August 22, 2018
The new research from Technavio has revealed that the global enterprise AI market will grow by over 5 billion US Dollars by the year 2022.
This research also provides deeper insights into the contributions of each industry sector thanks to this growth, with the main players being Telecommunications, Advertising, consumer products and services, and the Healthcare Industry.
With the pace that data analytics and other technologies are growing, this amount is not surprising. In fact, the part that astonishes readers the most is that Chatbot Artificial Intelligence is among the top drivers for this drastic growth. Which is unexpected because, until now, chatbots have failed to meet the upraised expectations that analysts have set. However, with the advent of Chatbot AI, unveiled in Google I/O 2018, things appear to be picking up the pace.
This could be because these new and more advanced chatbots will not just be a cheaper alternative for the human counterparts in the field of customer care. Rather they will be a more fitting and able provider of customer services, with better sympathising abilities than most humans. It’s not like these chatbots will be able to actually empathise with the customer, it’s just that they won’t have their own emotions to cloud their judgement, and as a result, they will be better able to solve customer issues and queries, by taking assistance from the background data and historical records.
This application and its foreseeable effects also bring more light to the less explored applications of AI, such as market research. Only recently, an AI expert and CEO of an Artificial Intelligence startup, Andrew Konya published a detailed report on how the technology can bring revolutionary changes in the area of market research on people.
Sampling, and its less effective application in deriving the population data, has always remained the major pain point in statistics. After all, any small group, no matter how carefully chosen, can never fully represent a larger group of people. As Andrew pointed out, “People are more than data points”. The most common alternative for this is extensive surveys, even though these have proved to be even less effective, mainly due to the bare minimum and closed-ended questions. They can always tell you the precise ‘what’ part of the question being put to the audience, but never the ‘why’, which more often than not holds more value.
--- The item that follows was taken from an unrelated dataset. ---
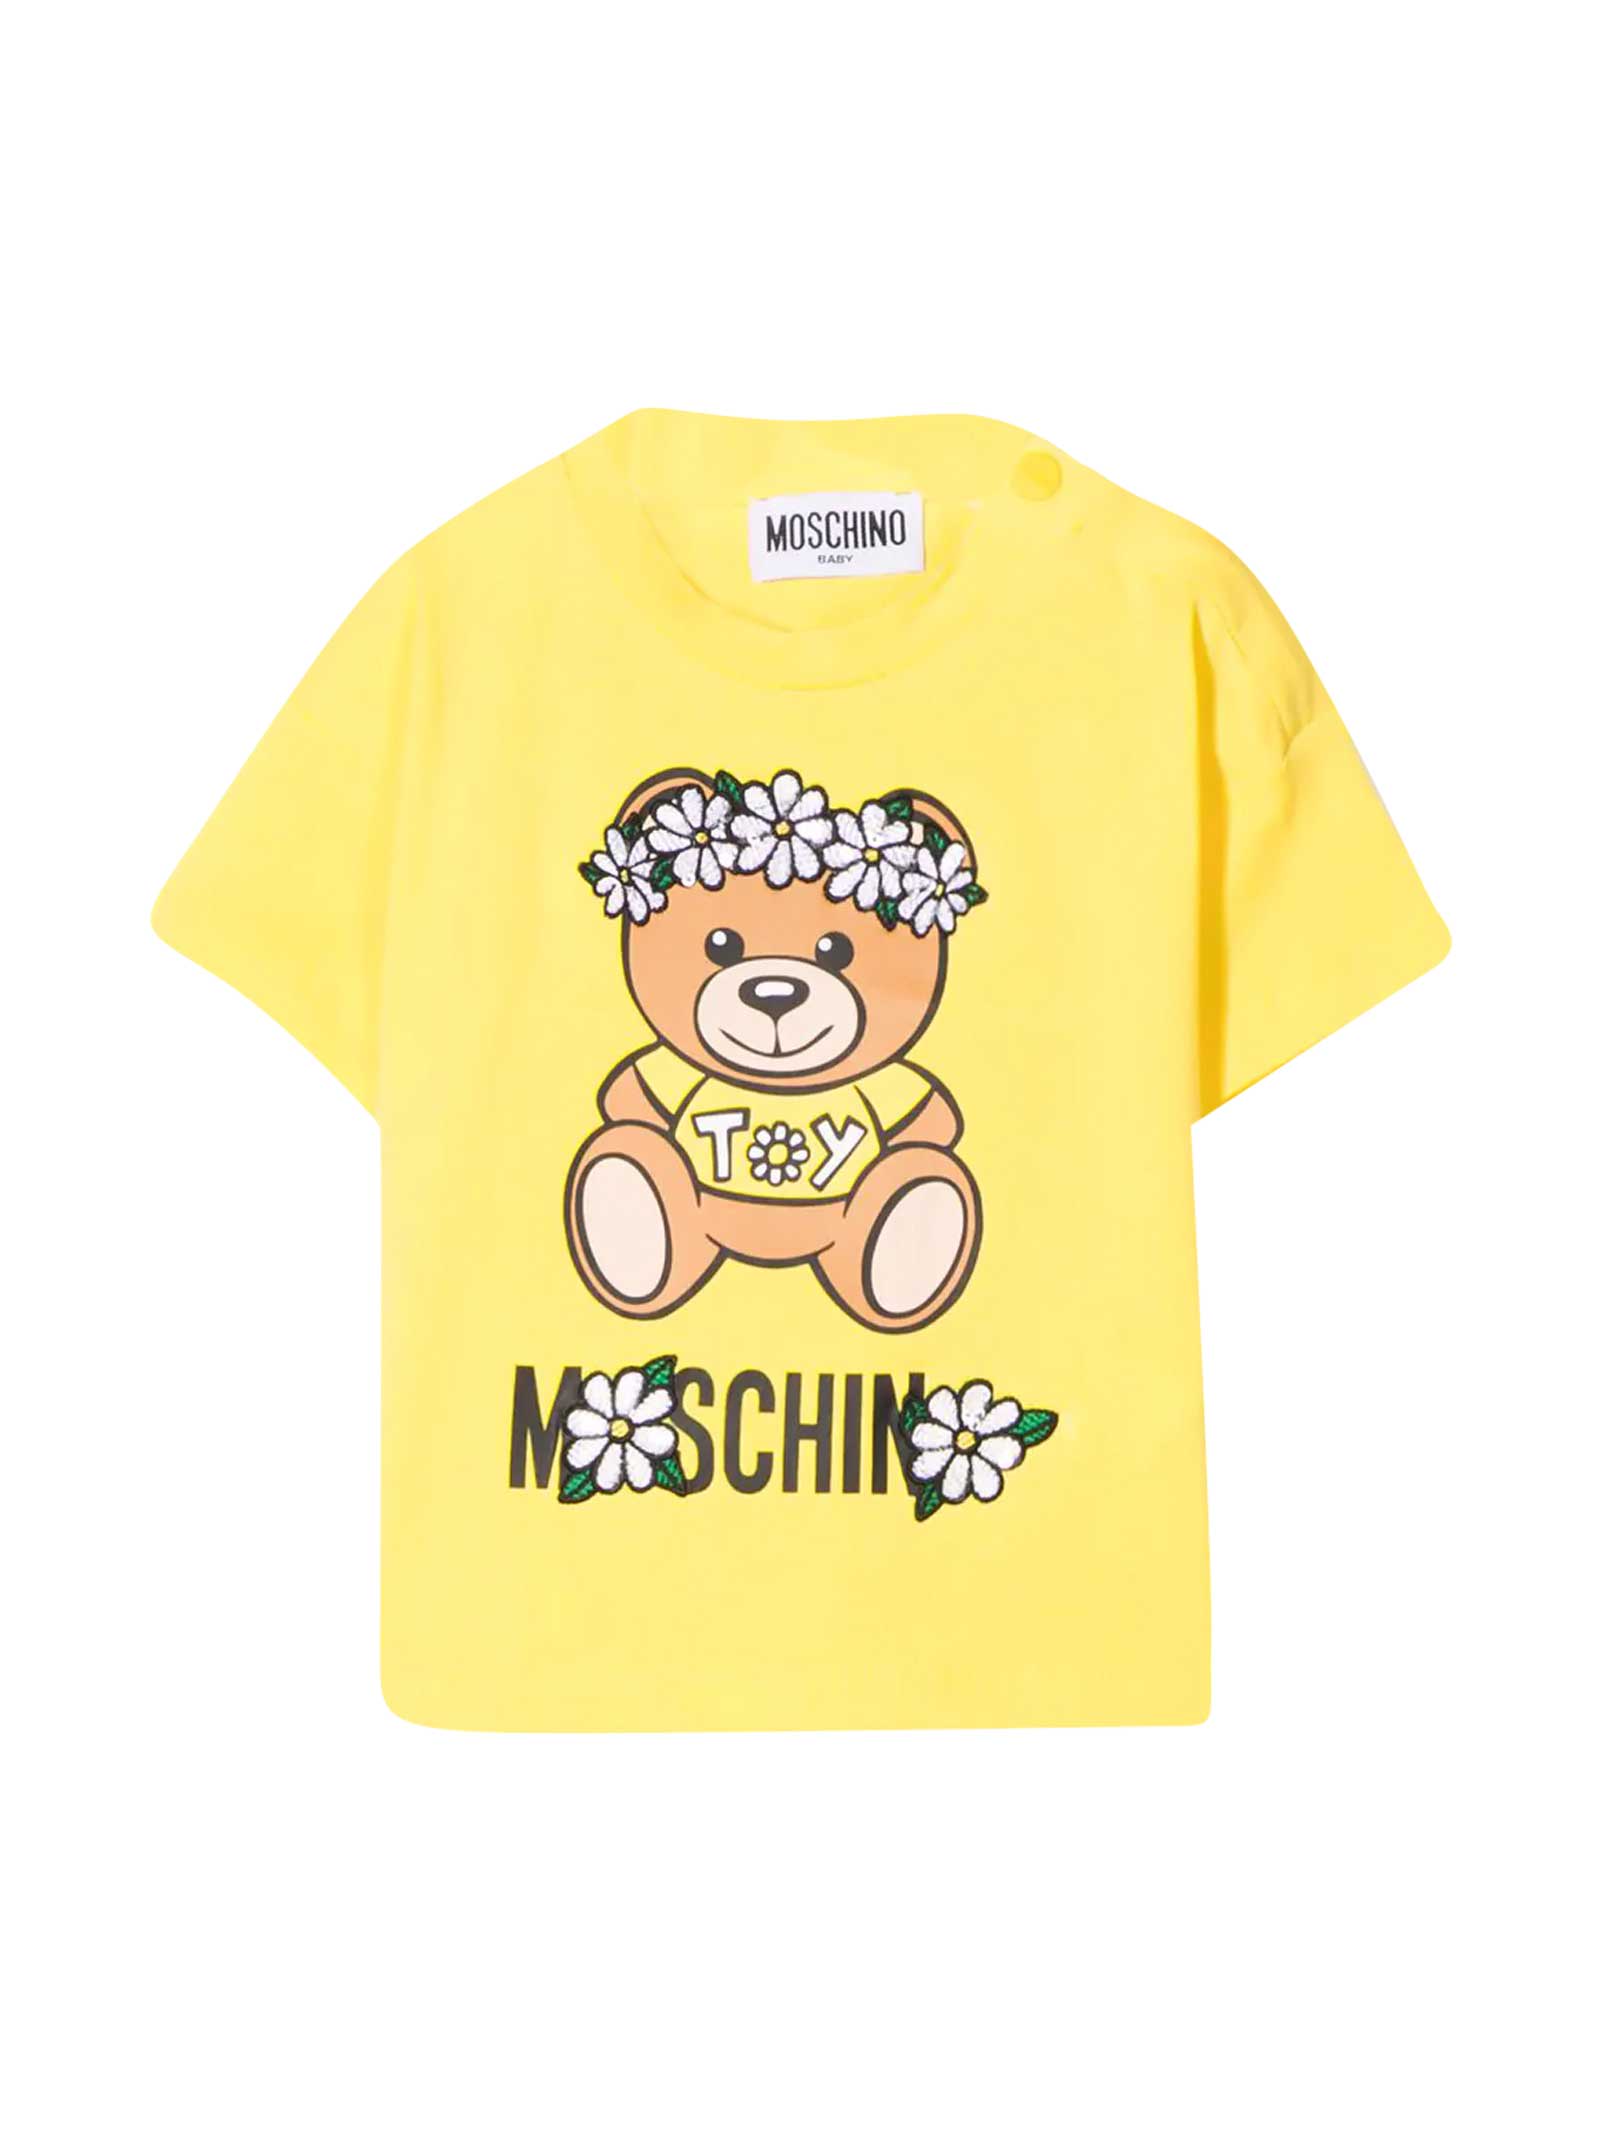 Moschino Babies' Newborn Yellow T-shirt In Giallo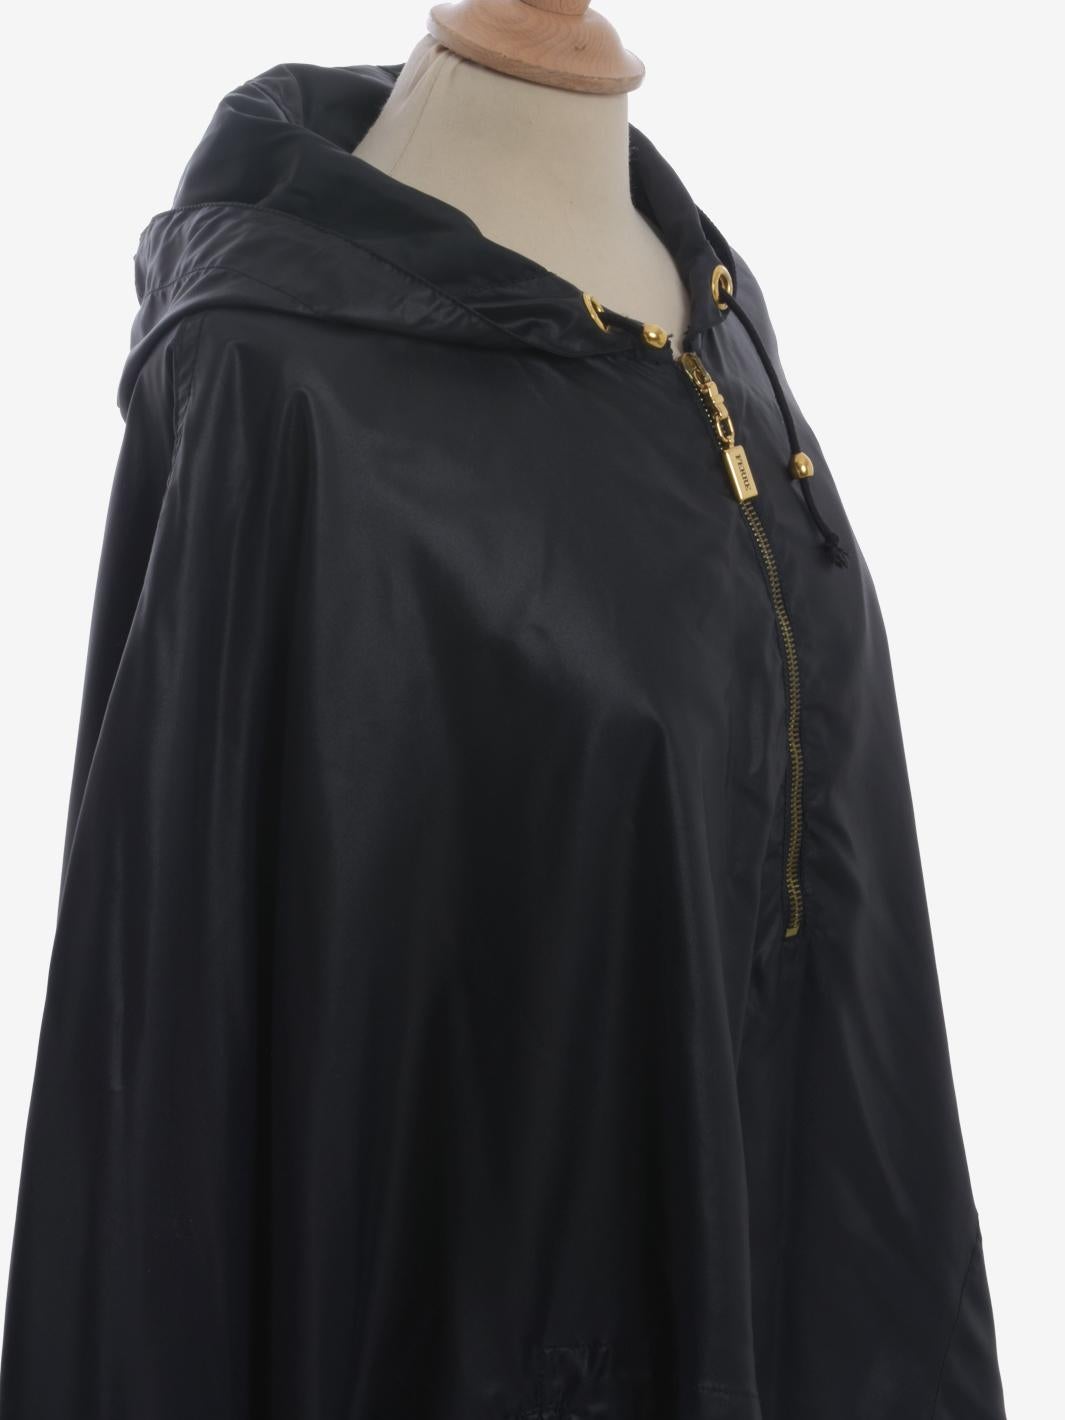 Gianfranco Ferré Raincoat - 80s For Sale 1

Konya suggests that both these problems can be solved with the proper application of AI in market research. In one case, he clarifies how AI and its ever-growing prowess of analysing the huge amount of complex data, provides the quantitative advantage in the research, negating the setbacks of surveys. On the other hand, the algorithms of deep learning trained on the particular niche, can also provide more in-depth insights on the sample data, adding the qualitative advantage as well in the bucket of AI-based market research.
To prove his point, he also illustrated the application through a real-life case from the city of Cornwall. For many years, the city’s residents were living in isolation for elongated time periods. They would spend months without speaking to any of their friends or acquaintances. This was leading the city deeper into the pits of loneliness, compelling the local community to come up with a solution.
Not long ago, the council launched a program, in partnership with Deloitte, to collect active data from 200 participants. Active data is different from the ordinary data in terms of how it is collected. To gather active data from a person, the AI has to actively engage with over 200 people, asking more contextual questions on the basis of their previous responses. Data collected with such measures proved to provide more actionable insights. In this case, the community was able to learn what existing programs were actually effective, and how the local communities can better intervene to bring positive changes in the social care facilities of the city.
This is just one use case out of many where active data based research has produced more reliable outputs quicker than before. It is therefore clear that we can realistically look forward to progress in AI.